Once we hit the memory button, there was no stopping. What about the hors d’oeuvre beneath the Leger ceramics in the courtyard of La Colombe d'Or in St. Paul de Vence after which we named our restaurant in New York? The Bollito Misto at Diana in Bologna. Or dashing to Wheeler’s in London, after the theater, for Dover sole, Stilton and port.

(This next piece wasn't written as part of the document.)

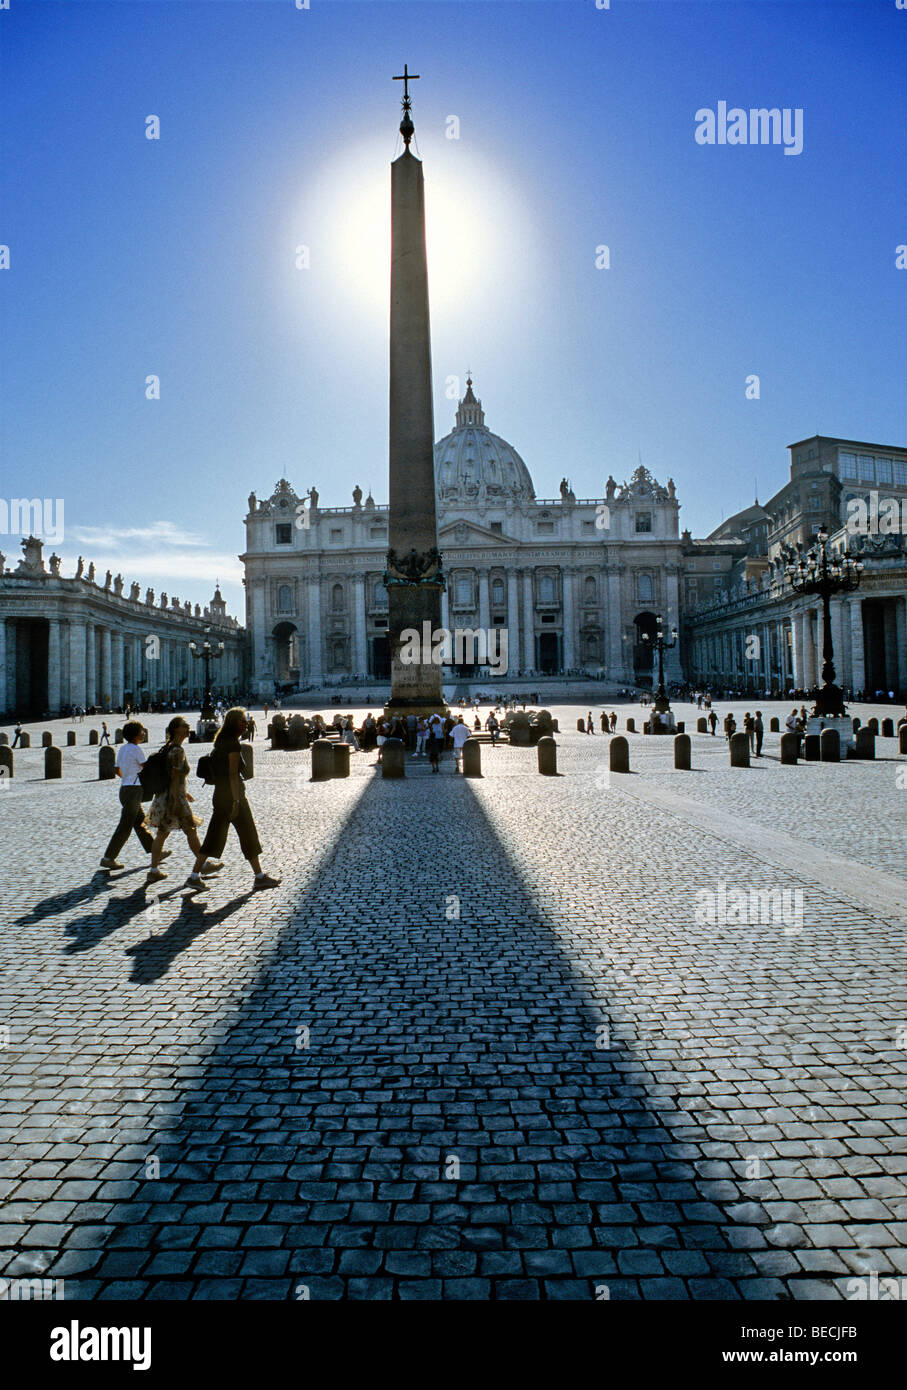 St. Peter's Basilica, Basilica di San Pietro, obelisk, Saint Peter's Square, Piazza San Pietro, Vatican City, Rome, Latium, Ita Stock Photo

We finished our meal long before we got around to best dinners. We have traveled a lot and eaten at so many places, it would take time to remember them. Besides, why blow it all during one meal? Nothing is more delightful than talking about food while eating.


Marie Simmons said...

Dear George & Helen:

My favorite meals are always the ones eaten al fresco. I love it when the sky above becomes the roof and the trees and flowers the walls. Once you and George had dinner with us under the maple tree in our backyard in Sag Harbor. I think I made a poached fish served with a Provencal inspired vinaigrette. George brought one of his delicious loaves of bread. He might have even driven home to get it for dinner when I announced that I had forgotten to pick up a loaf. (Although I love bread, I am not a big bread eater!) But George's bread was the best. I'm happy for those lazy days in Sag Harbor. Riding my bike to Long Beach, making the wide loop around the town and passing by the little farm stand. Remember the apartment we rented from the Smith's? I think you told us about that place. It was our introduction to Sag and influenced our decision to find a little house we could afford. Life has been an adventure, hasn't it! And the food! So much and so delicious. Conversation about meals loved (or even sadly hated....although rare....can't think of one at the moment), tastes discovered, food finds, beauty of market discoveries around the world, exotic and familiar tastes are so personal and so very special. Lately I have been thinking about my Nana's ravioli. Tender as little pillows filled with fluffy ricotta that she laced with a dark brown ground spice (to my young eyes). Was it a pinch of clove? Or cinnamon? Must have been her southern Italian roots. The dough was soft and puffy. Hand rolled with a long dowel that I remember being discussed because it came from the hardware store where she had ordered it to be "the size of a broom handle". Years ago our daughter and I attempted to make Nana's dough. We were having 10 for Christmas dinner and needed at least 30 plus (Nana made big ones!). Well, after 1 hour and 10 ravioli we gave up and pulled the hand cranked machine from the cabinet to finish the task. Nana never went to the gym, rode a bike or swam a lap but she sure had the strength to hand roll pasta dough for hours. The texture and taste can never be replicated by a steel machine. It just doesn't have the heart.

Our Daily Dinner said...


Such happy memories! George's daily baked bread was the best! I remember we once came to your house when you were test cooking receipes for one of your books. It may have been on crepes or pancakes. Anyway, you cooked heaps of them, sweet and savory. George was in 7th heaven.
Would like to hear more about your Mom's and Nana's wonderful cooking. Maybe you could write guest blog.